# Guys in 20's please answer!!



## separated2000 (Nov 10, 2012)

Ok so in short. Met a guy, talked everyday for 3 weeks via phone and text (he lives 10 hours away). Last Saturday we agreed to stop talking. My reasons don't really matter for this question. He agreed and said he was thinking the same thing because he isn't ready for a relationship (we agreed to that in the beginning. We both want to be single.). I should add that we haven't been physical. Also, because like he said from the beginning "he's scared about how he felt about me" he's been hurt in relationships. So I was gonna visit him and my uncle (he works at my uncles resort) but of course cancelled it. Well on Monday he text me and started by saying "I know I'm not supposed to contact you" which was a weird way to say it for me at least and maybe I'm thinking too much into it, but it sounded more like i set the rules instead of it being mutual. Guys, tell me if I'm thinking too much into that please. Second thing is this, we text a little bit back and forth. The last thing I text was "it was nice to see your name pop up on my screen". No response from him. So my question is, was that because he couldn't same the same thing back? Also, do you think he ever thinks about me? Or wants to contact me? Cause I know I want to contact him, but just remaining strong. Guys help!!
_Posted via Mobile Device_


----------



## EleGirl (Dec 3, 2011)

I’m not a 20’s guy. But things have not really changed all that much between men/women since the dawn of time.


separated2000 said:


> The last thing I text was "it was nice to see your name pop up on my screen". No response from him. So my question is, was that because he couldn't same the same thing back?


You will drive yourself nuts if you do this… if you analyze everything that is and/or is not said. If every time one of you responded, the other answered back.. your texting would have never ended. Someone has to end it. 

It seems that you feel that you put yourself out there a bit too much in saying that and needed confirmation back from him because of that. So say a bit less in the future.


separated2000 said:


> Also, do you think he ever thinks about me?


Of course he thinks about you and wants to contact you… he contacted you didn’t he? 


separated2000 said:


> Cause I know I want to contact him, but just remaining strong.
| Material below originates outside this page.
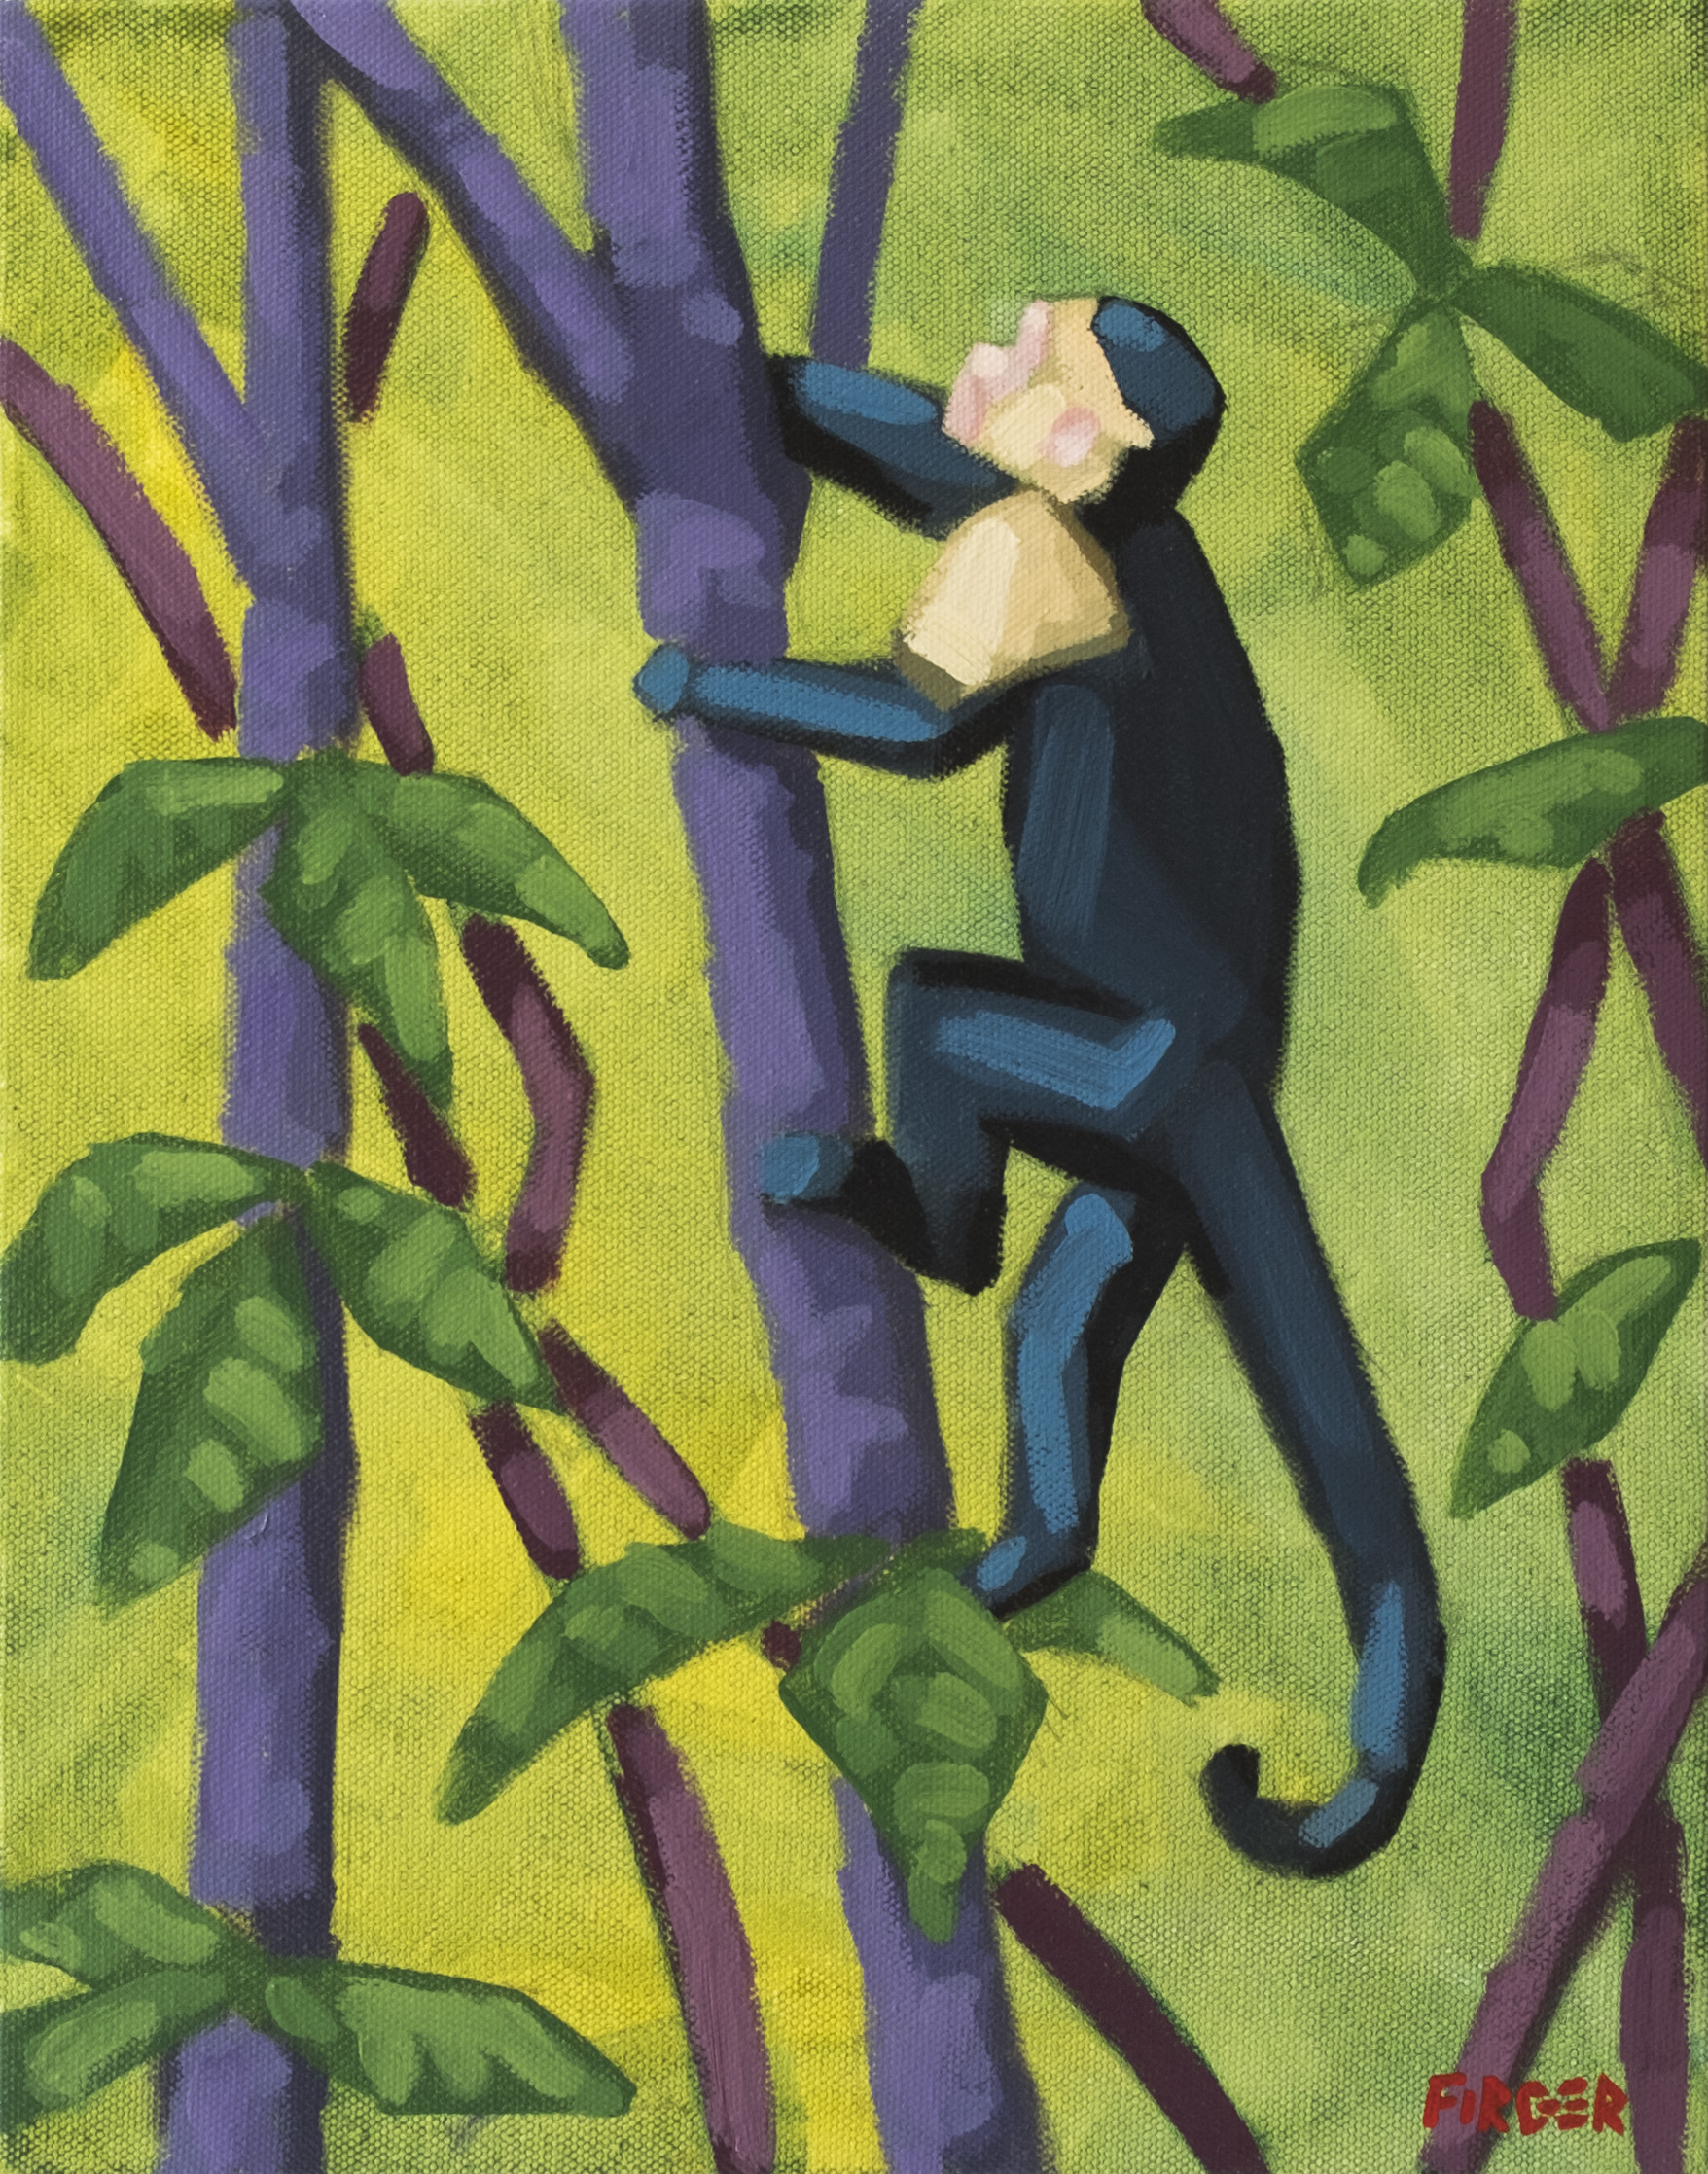 Jungle Climber I - 11 x 14, Acrylic on Canvas

Guys help!!


He told you that he does not want to talk to you anymore ‘cause he does not want a relationship. Now he’s contacted you. He is giving you mixed signals. Another way to look at it is that he’s playing yo-yo with you.

He pushed you away by saying that he does not want to talk any more. Then he texts you to pull you back in. Don’t let him play this game with you. This usually leads to either nothing or a long on-again, off-again relationship. In either case it’s frustration.

Guys often do this… they pull away and take time thinking about what they want. If they come back to you, that means that they really want you. If they don’t.. it means you are better off without them. Do not pursue him. Don’t be overly enthusiastic if he texts you.

He has no idea what he wants right now. It sounds like you really do not have any idea either. Just back off. Get busy. If he comes back later with a strong resolve that he wants a real relationship… and you want one too, then you two can start from scratch. But you don’t need to be a yo-yo… not ever.

How old are the 2 of you?


----------



## EleGirl (Dec 3, 2011)

You have two threads going on this same topic. You will get better responses if you only have one. So delete one of them.


----------